Instructions: Show all work and use correct notation. Checking with friends is permitted, but copying will be treated as an honor offense. If you are computing an angle, be sure to show the appropriate inverse trigonometric function (arcsin, arccos, or arctan). For full credit, give answer in the units requested and to the precision requested. The answers are 1702 sq. ft. for #1 and 15°07' for #2.
1.
Mortimer has a yardstick marked in inches, a long rope, and a protractor. His task is to compute the area of a rectangular gymnasium floor. Clearly, there is an easy (if boring) way to do this using the yardstick, but there are young females present and Mortimer wishes to minimize the amount of time he spends on the gym floor looking like an enginerd.
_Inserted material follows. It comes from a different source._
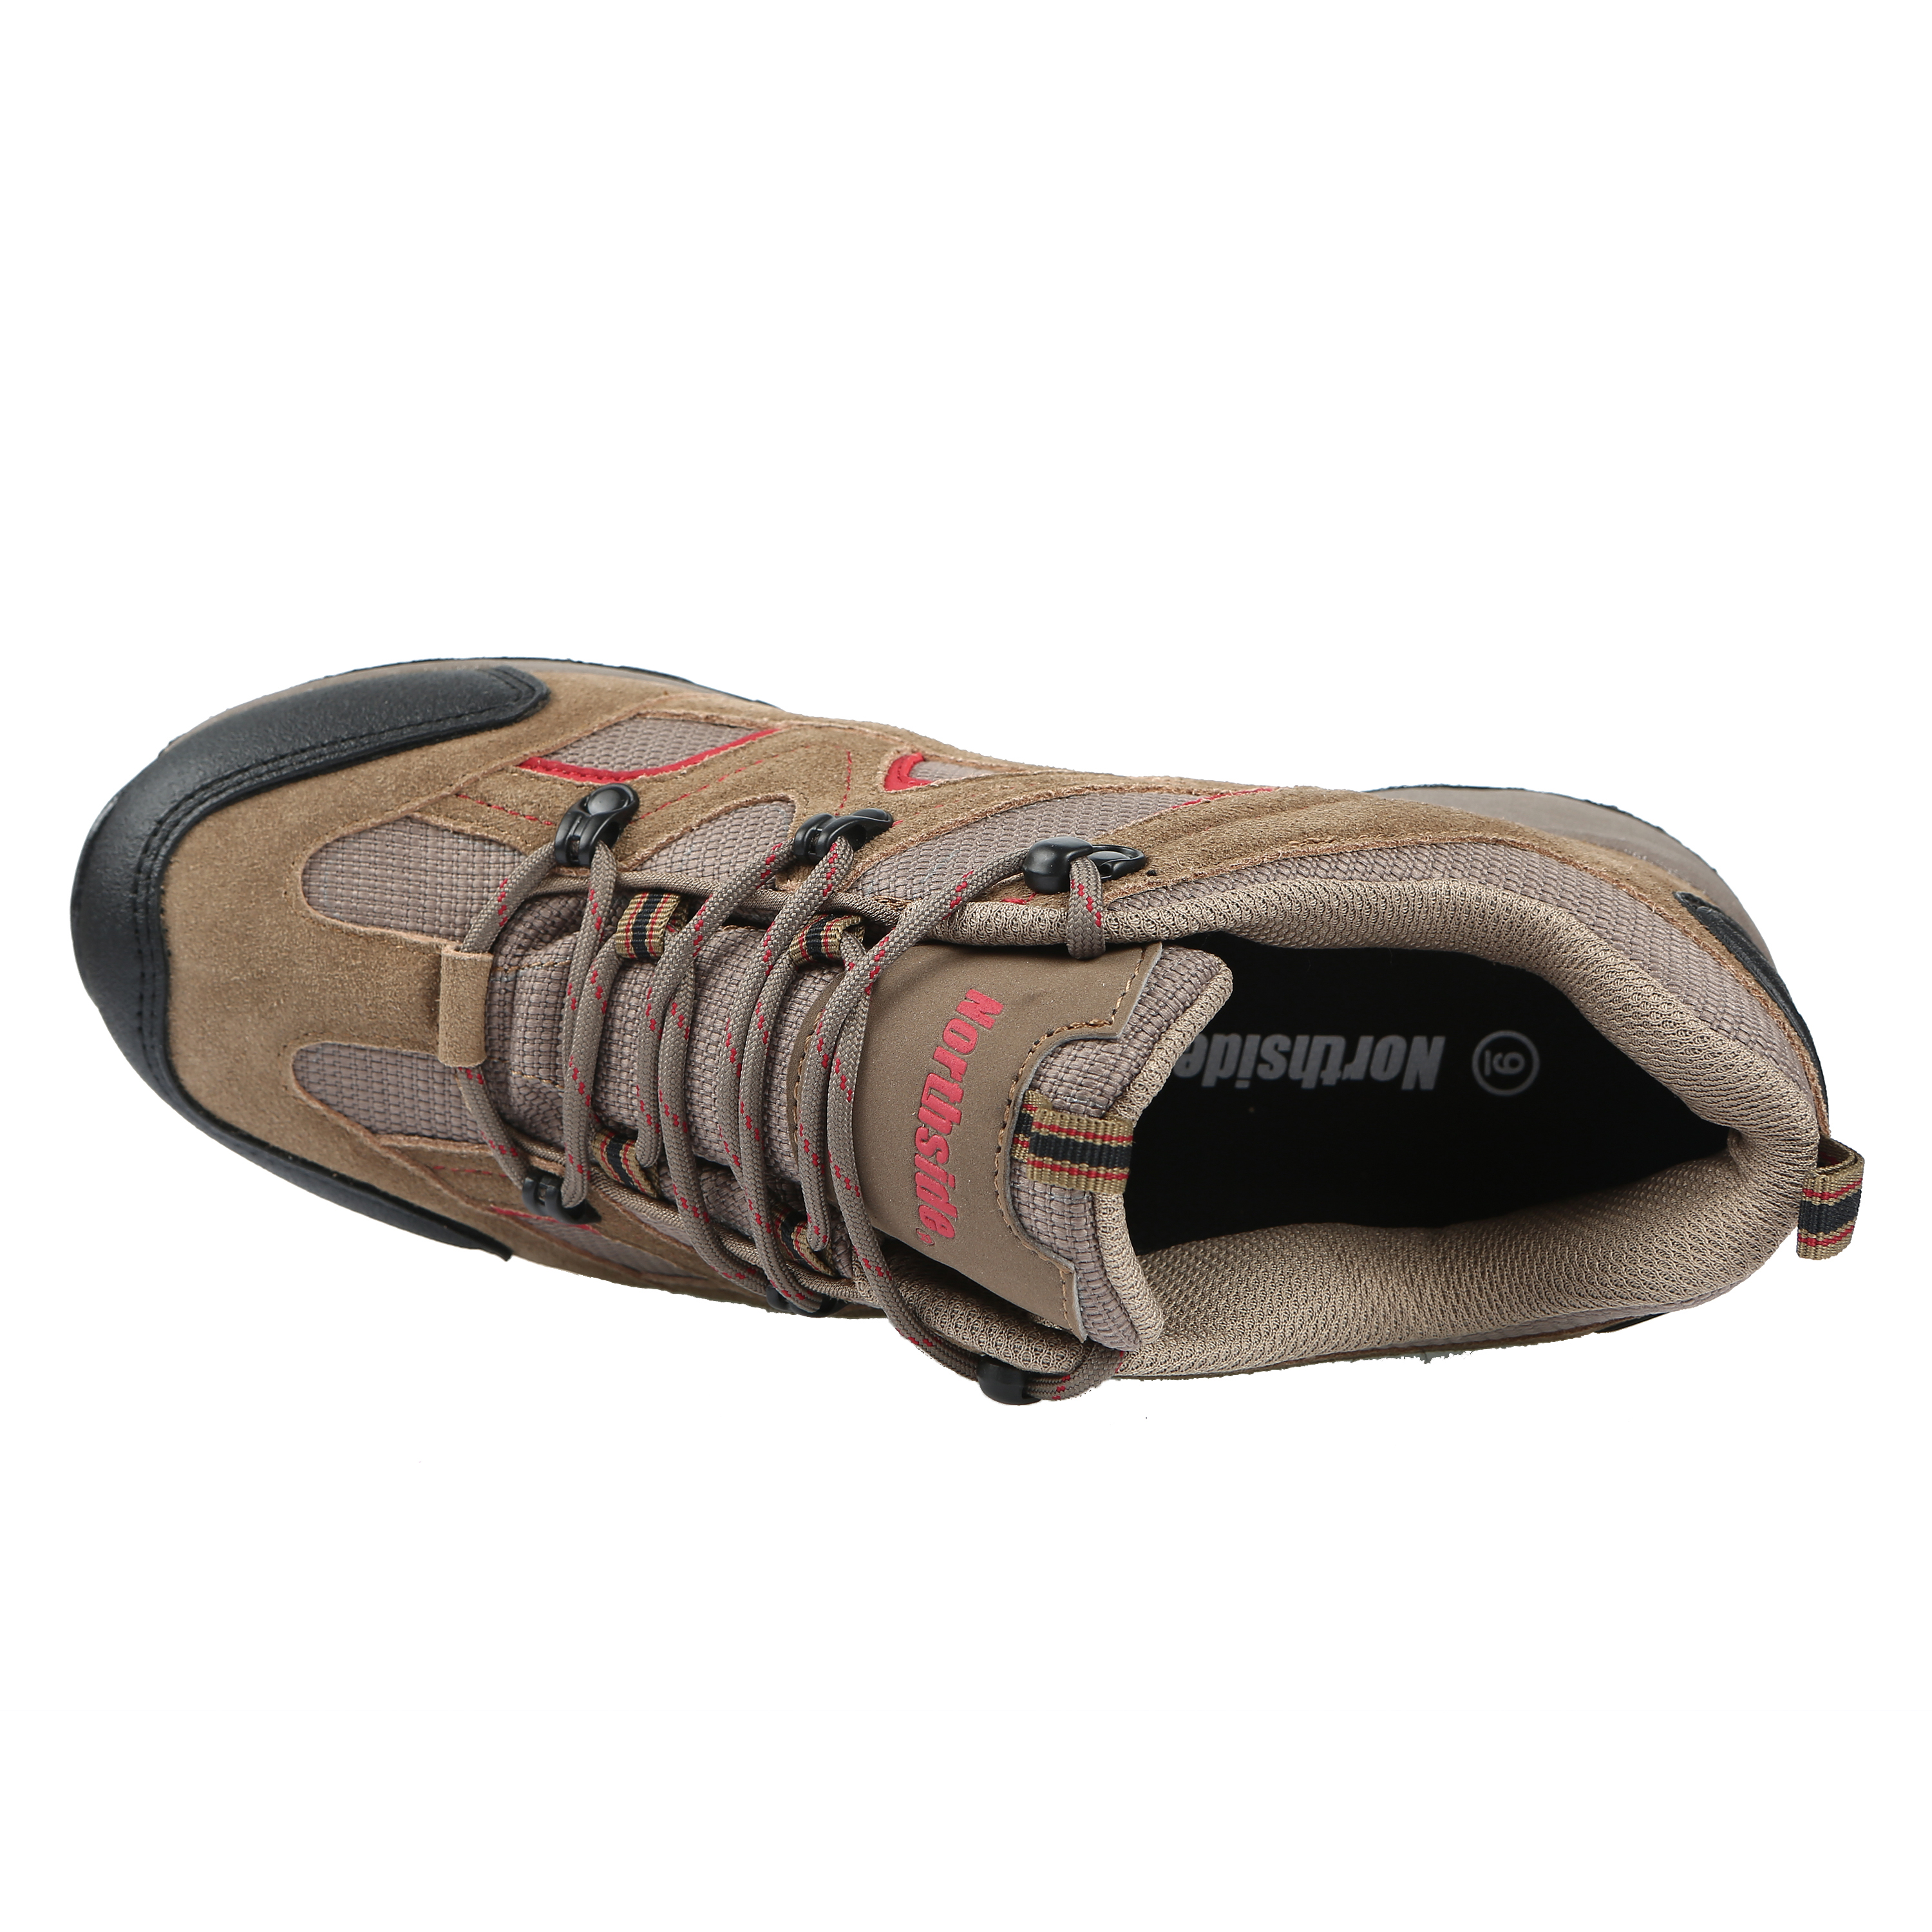 Northside Men's Snohomish Leather Water Resistant Hiking Shoe (Wide Available) - image 3 of 5

Thus, he uses his rope and determines that the diagonal across the floor is 7'6" longer than the long side of the gymnasium. While the diagonal rope is still stretched tightly across the floor of the gymnasium, Mortimer makes a quick protractor measurement and sees that the rope makes an angle of 62° with respect to the short side of the gymnasium. Make a diagram and compute the area of the gym floor to the nearest square foot.
2.
A flag atop a 110-foot flagpole is illuminated by four floodlights that are equidistant from the flagpole’s base. The floodlights are positioned at the vertices of a square, 42 feet on a side, and the ground is flat in the vicinity of the flagpole. Your task is to compute the angle q at which each floodlight must be tipped from the vertical in order to illuminate the flag (see diagram). Is q an angle of elevation? ____ Why or why not? ______________________________ Draw another diagram, in 3 dimensions, and compute q correct to the nearest minute: ____________